→ Input data
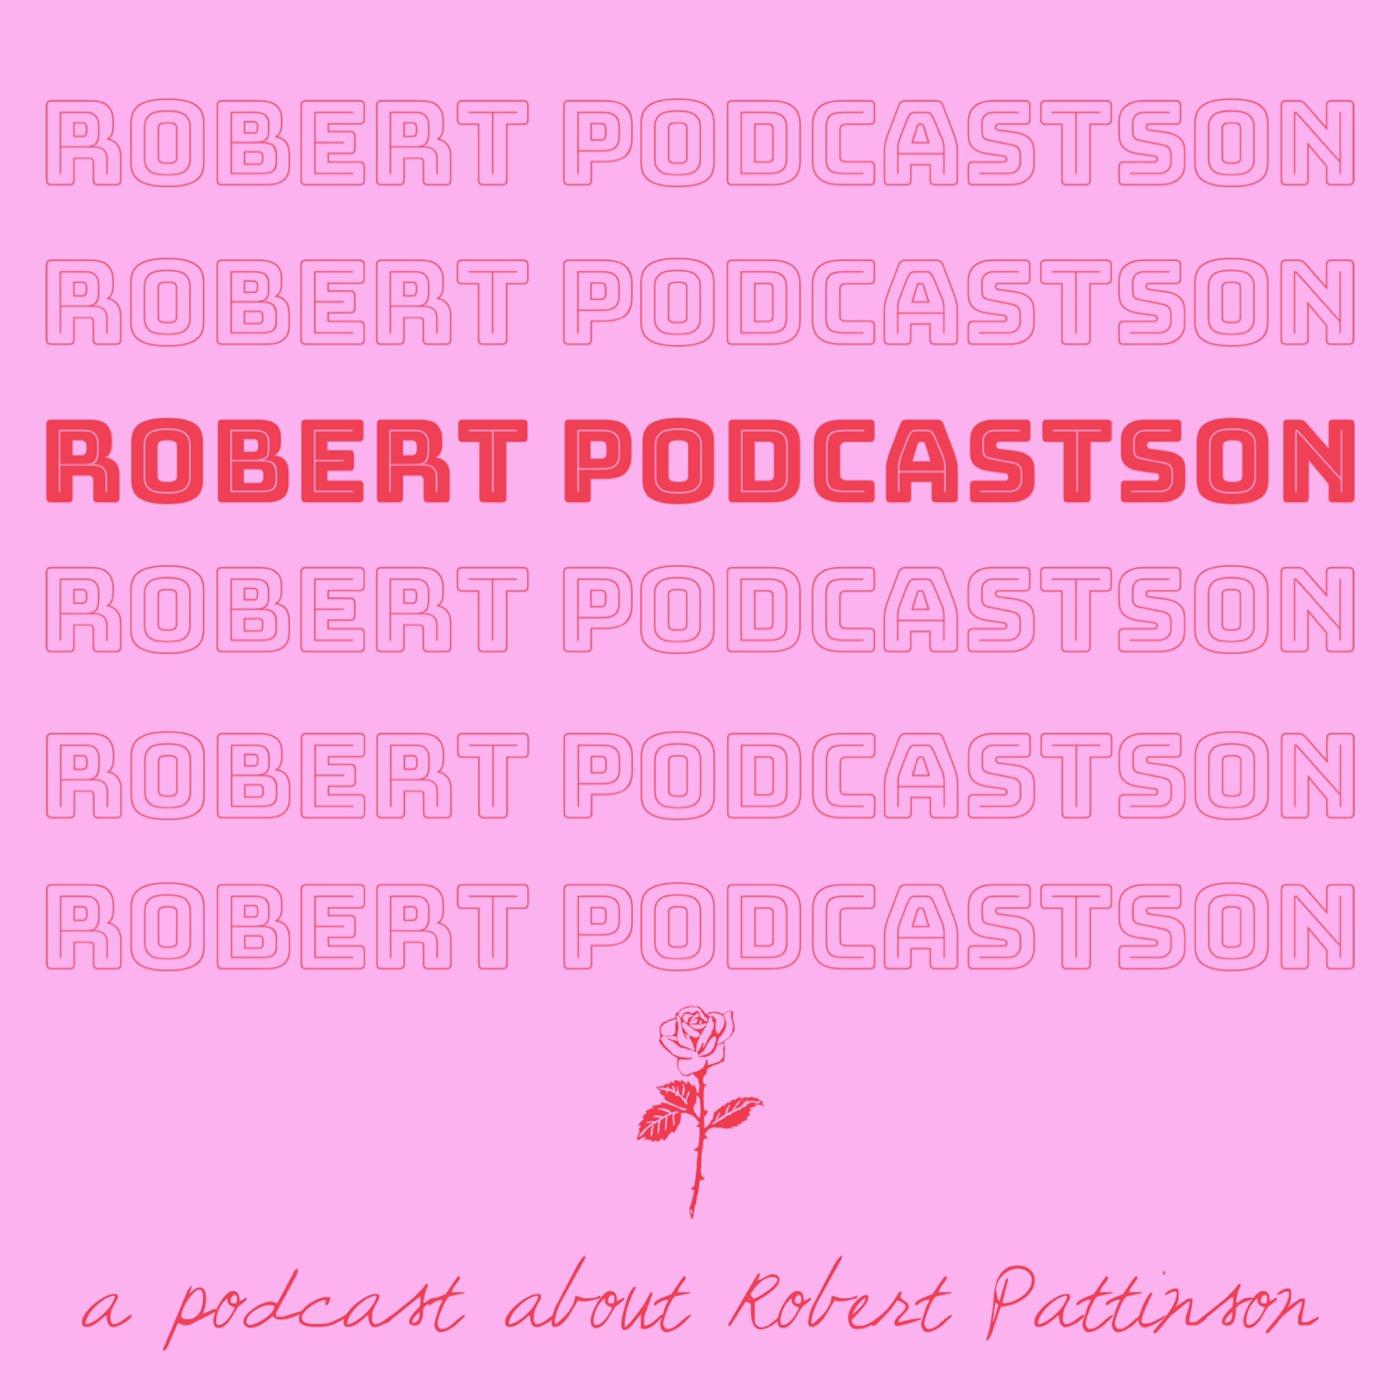 Robert Podcastson
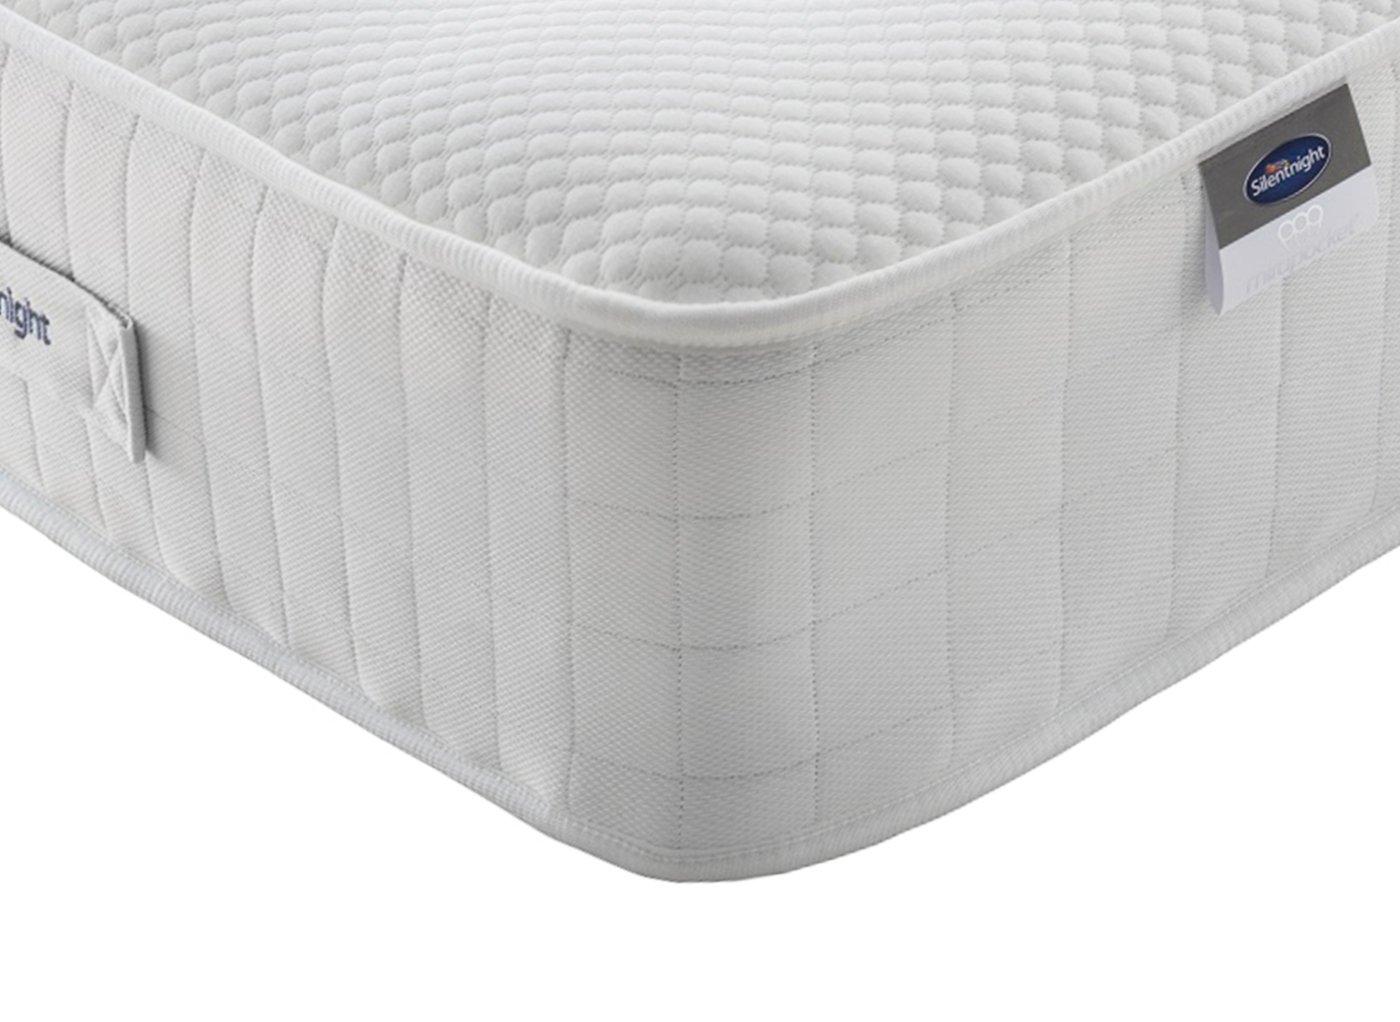 silentnight mirapocket 800 mattress review
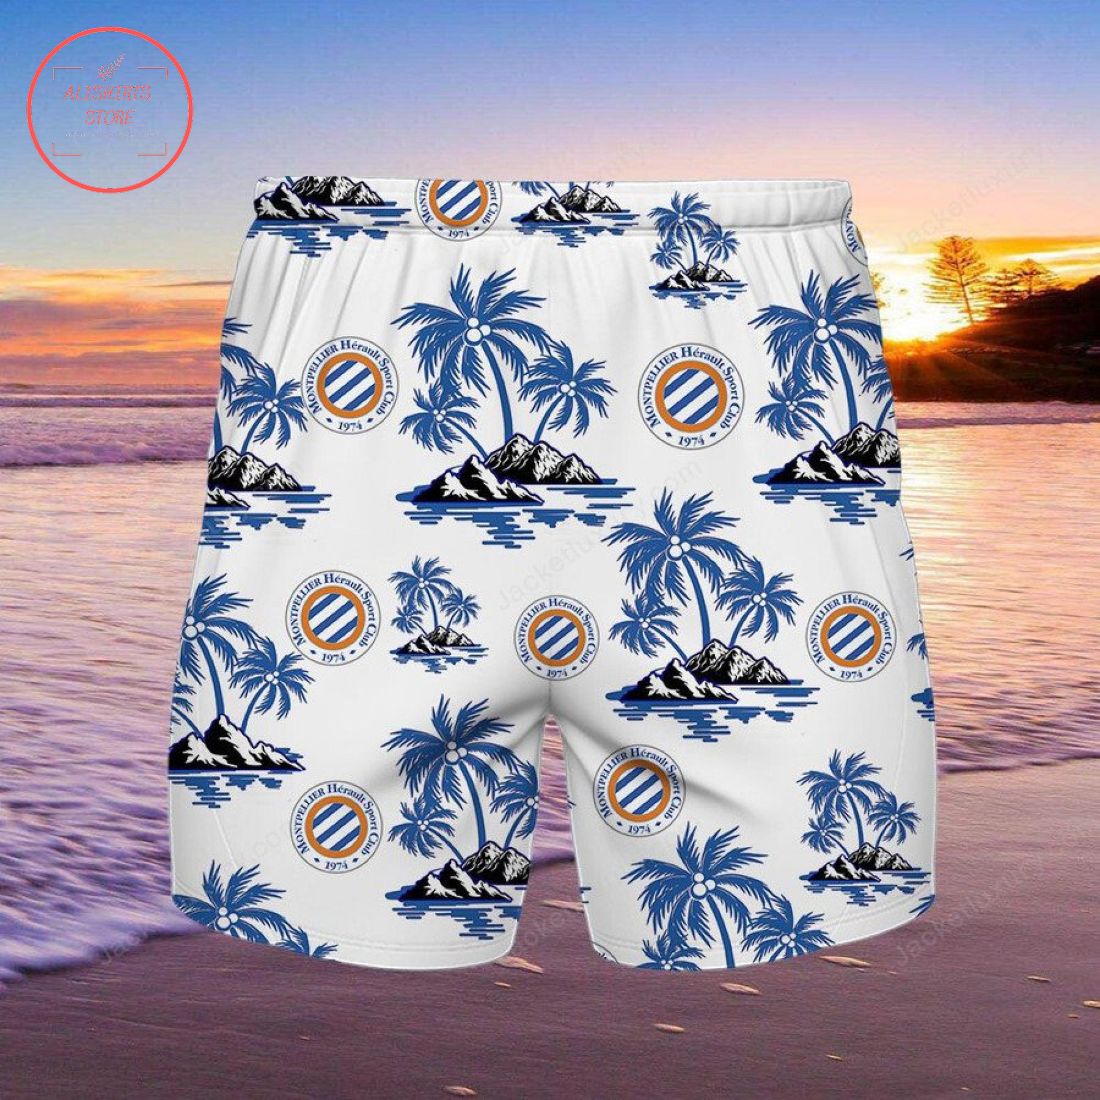 Montpellier HSC Hawaiian Shirt and Shorts

→ Instructions for the task
Omit the pictures, then set down all the remaining data exactly as given.

→ Response to the exercise
 Robert Podcastson
 silentnight mirapocket 800 mattress review
 Montpellier HSC Hawaiian Shirt and Shorts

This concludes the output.